I'm trying static mut, thank you again!

For a quick follow up, it didn't work, I think the C function expect a pointer to a Flash location only. I tried to put the whole Rust struct in RAM (putting mut on all of them), but it was still crashing.
I ended up putting the config in a .c file.

So, I think this is actually the key bit, isn't it? You got this, from what I understood, even with static. (And you should indeed use static.)

So, this is basically the converse of this issue. But I don't think the answer is to relax the compiler checks. You see, you gave the compiler a type: [u32; 10]. But you lied! There's not 10 integers in there. One of the elements is a pointer. And no, pointers are not integers, they are something very different. (If you don't like that, I'm afraid neither Rust nor C are the language for you. Making pointers complicated is the only known way to combine low-level memory access and high-level optimizations in a single language. Something has to give. C pretends pointers are simple, but the cracks are already showing.)

So while for the converse issue I mentioned, one can argue that our check is overly aggressive -- the same does not work here. If we allow pointers disguised as integers in static or const, things will break badly.

So, what can you do? Well, stop lying to the compiler! Tell them about your true types. You have an array of things where each is an integer or a pointer. There's a way to say that:

#[repr(C)] // this is important to get C-like union layout
union PtrOrInt {
  int: u32,
  ptr: &'static Something
}

static PHY_INFO: [PtrOrInt; 10] = {
  PtrOrInt { int: 3 },
  ...
  PtrOrInt { ptr: &something },
  ...
};

I think with something like that you should be able to produce a result that matches C.

3 Likes

Someone on embedded rust suggested something like that as well, I'll give it a shot tomorrow :slight_smile:

Using @RalfJung union and a custom Mut wrapper to avoid using static mut, you get the following port of your extract.h file:

  • extract.h ported to Rust · GitHub

    • (I have defined a convenience macros to generate an array where for each element it automagically picks between a usize or a & _ reference according to whether the expression has a leading &).

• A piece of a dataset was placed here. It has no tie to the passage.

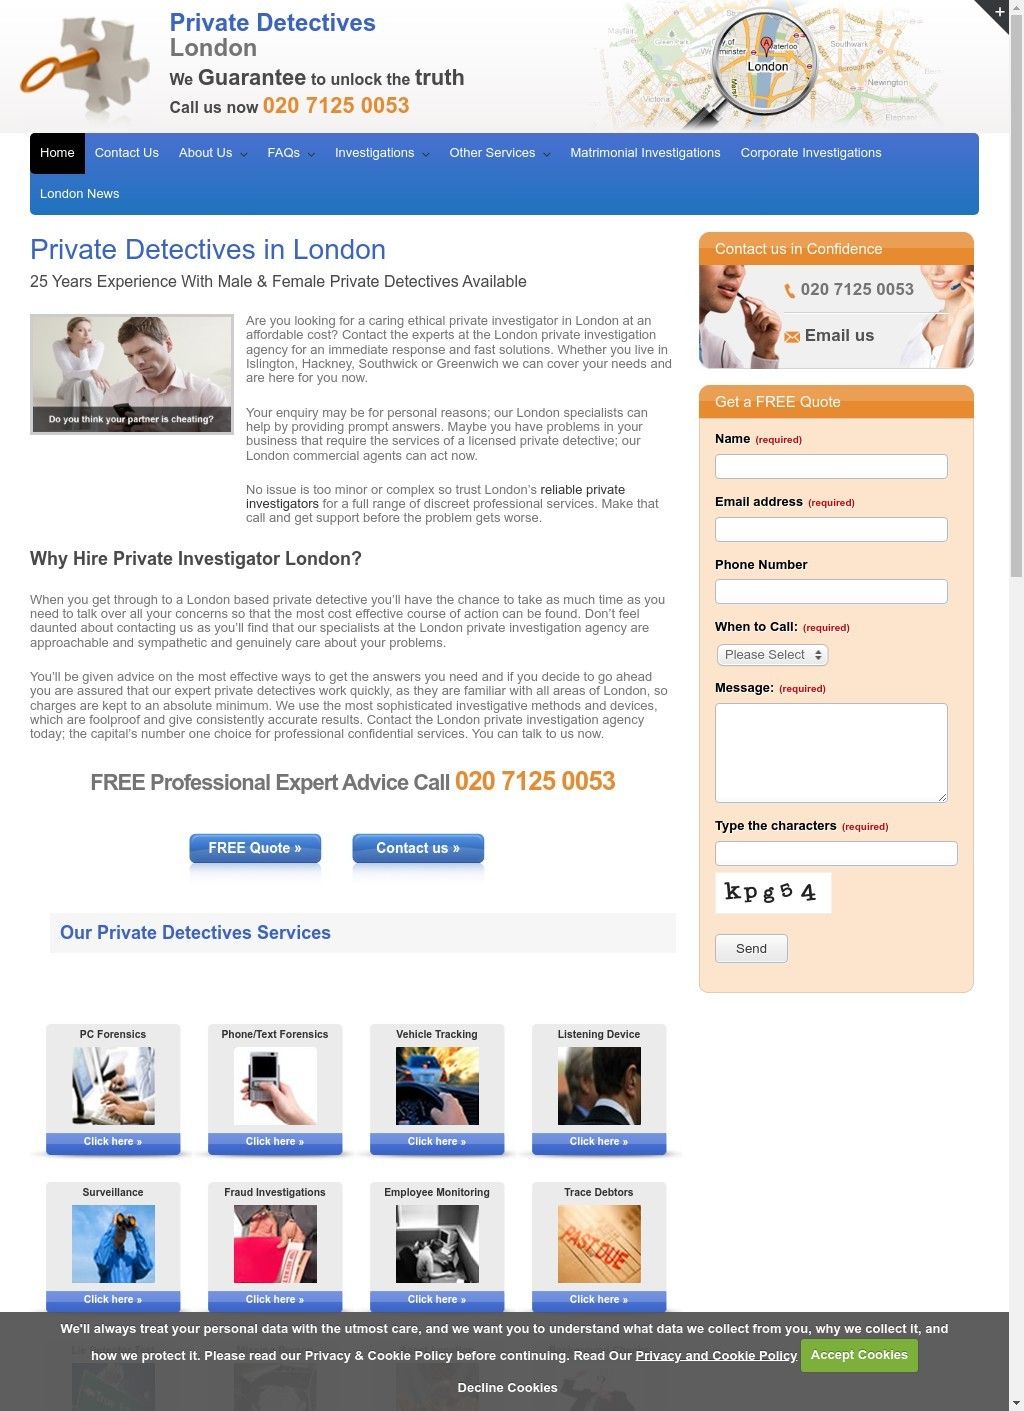 London Private Detectives
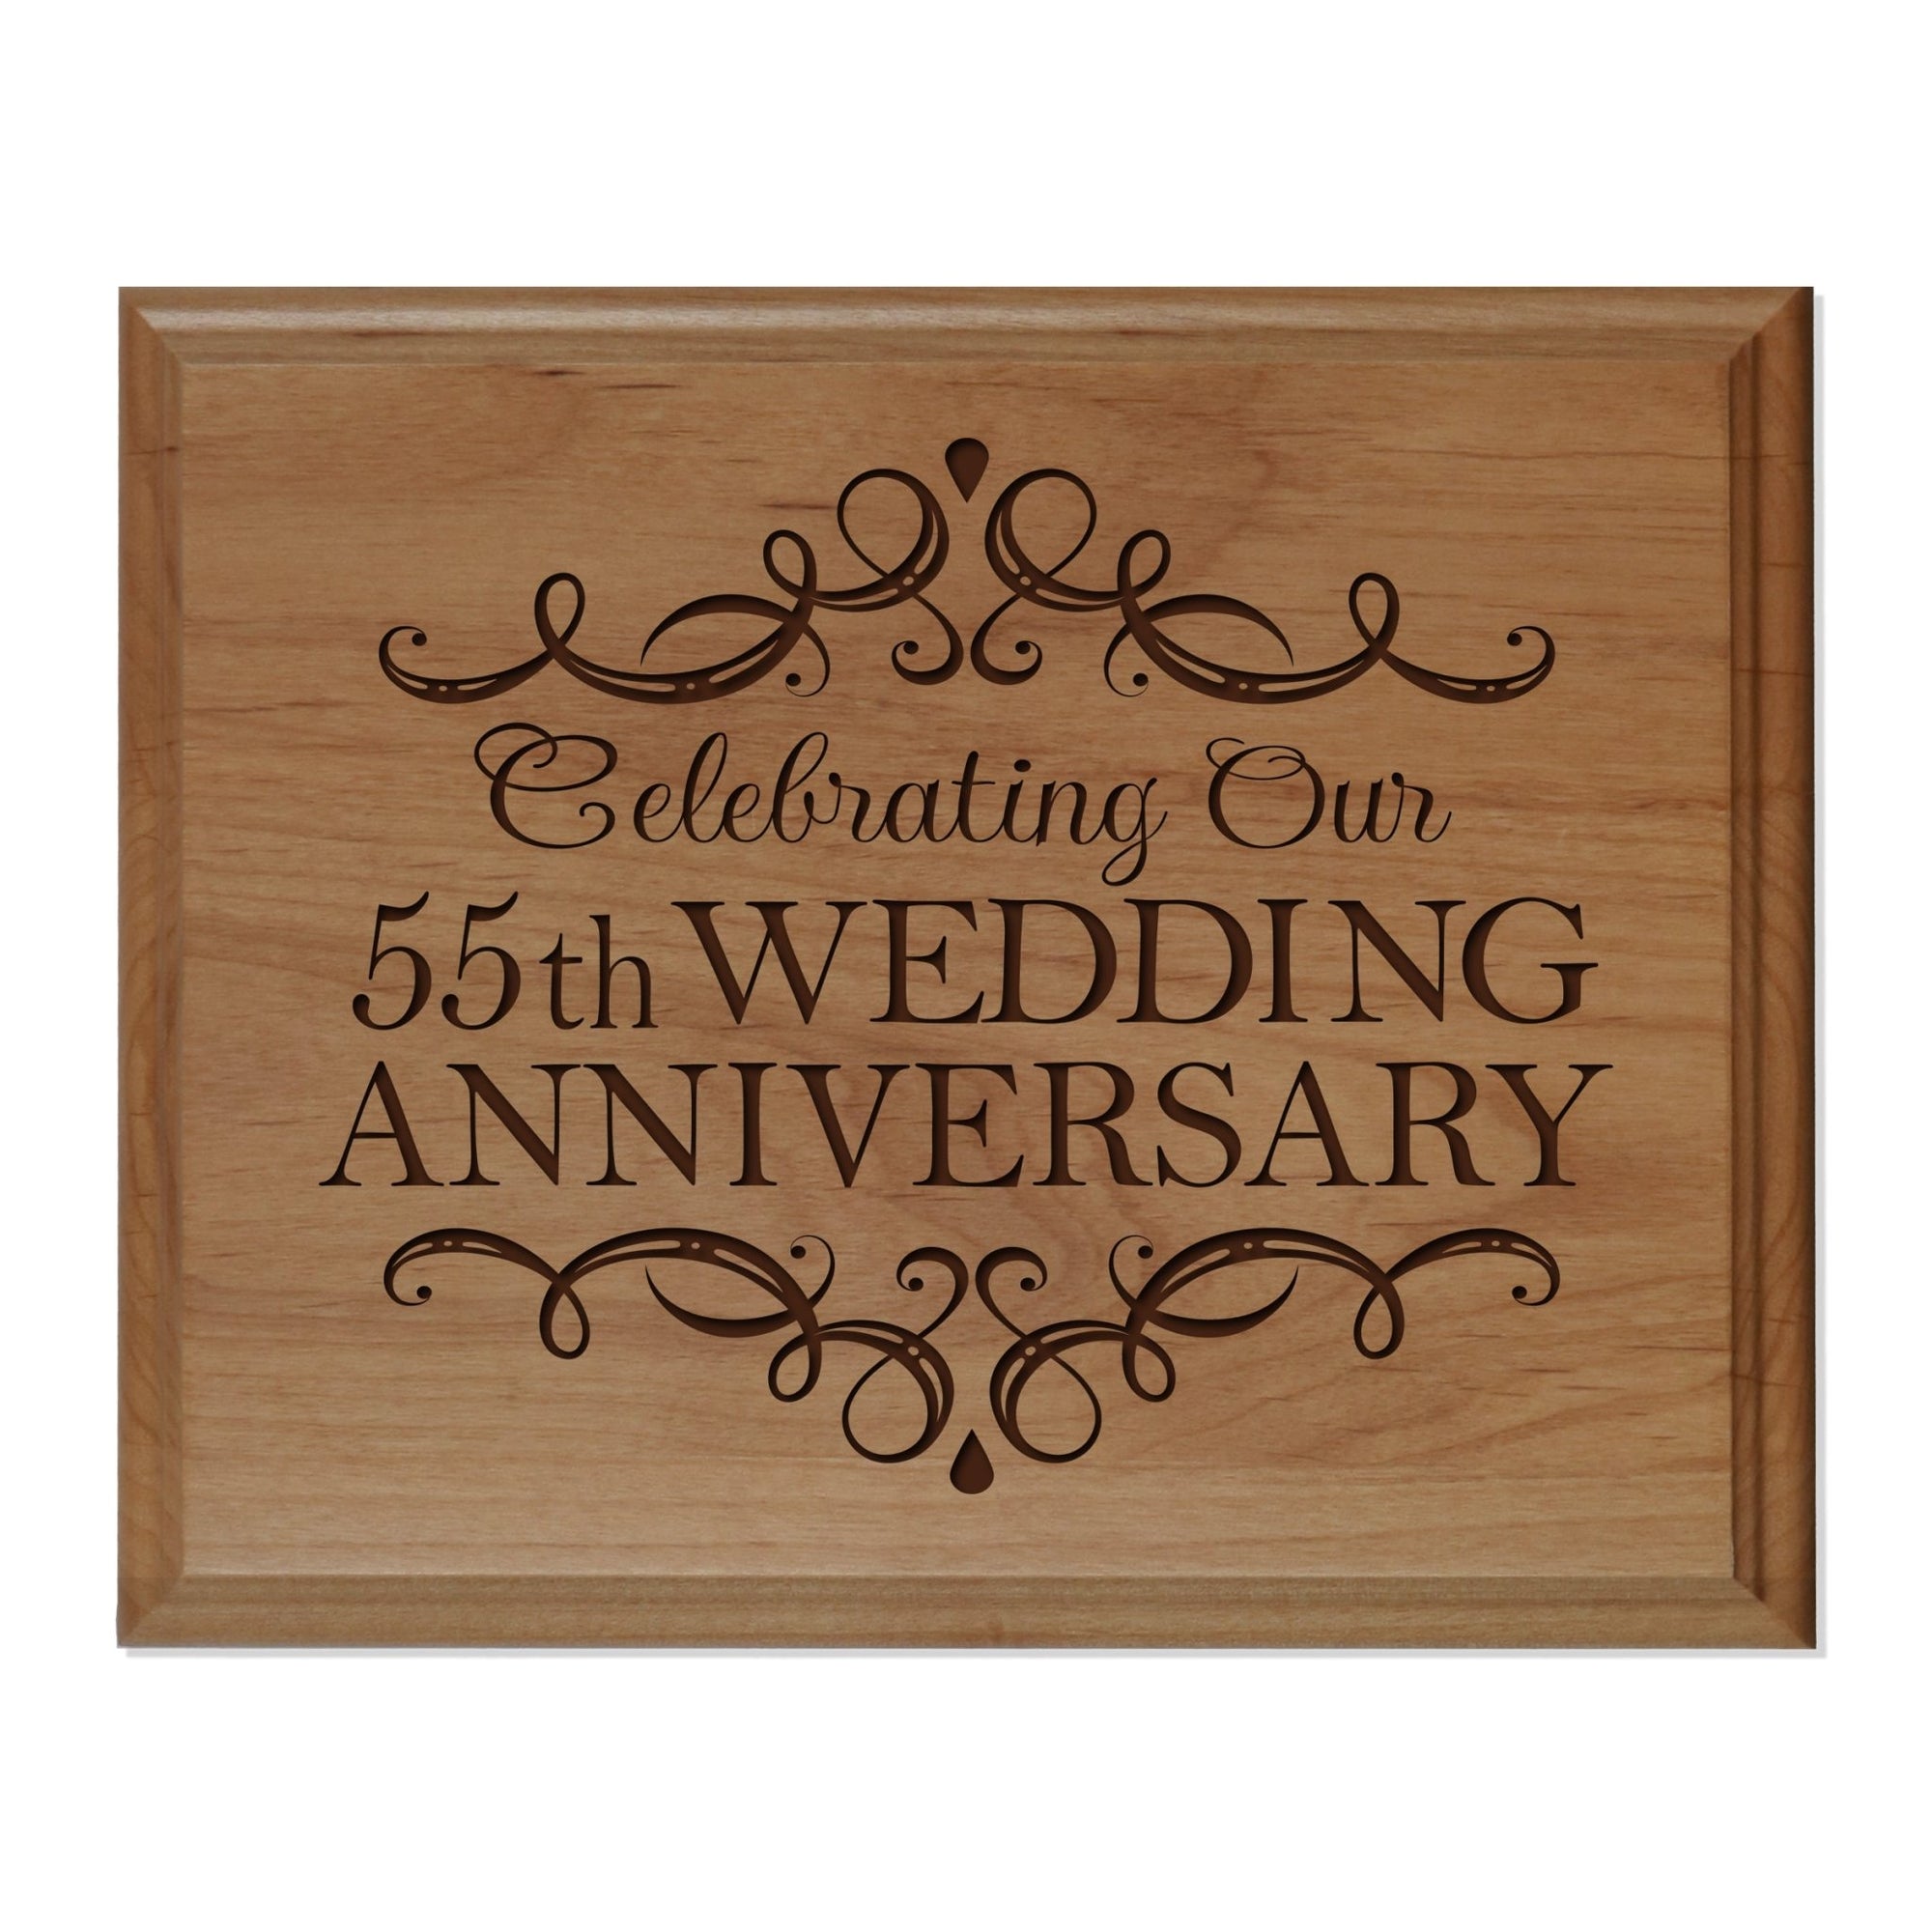 55th Wedding Anniversary Wall Plaque - Celebrating - LifeSong Milestones

    • I have taken the freedom to use usizes instead of u32s for places where addresses where being used, as that's the portable way to do it (in a 64-bit architecture a &thing address may not fit in a u32, resulting in the address being truncated, which would lead to many problems).

1 Like

This won't help. The OP's problem was about stuff getting put into mutable memory, and statics with interior mutability (UnsafeCell) are just as mutable as static mut and treated the same by codegen and the linker.

Yes, I am well aware that FFI-wise there is no difference between the two, but since a cdylib Rust library is still a Rust library, using a static ...: Mut<_> is safer Rust-wise than static mut.

Providing this example in a pure FFI scenario helps prove that there should be nothing blocking the deprecation of static mut.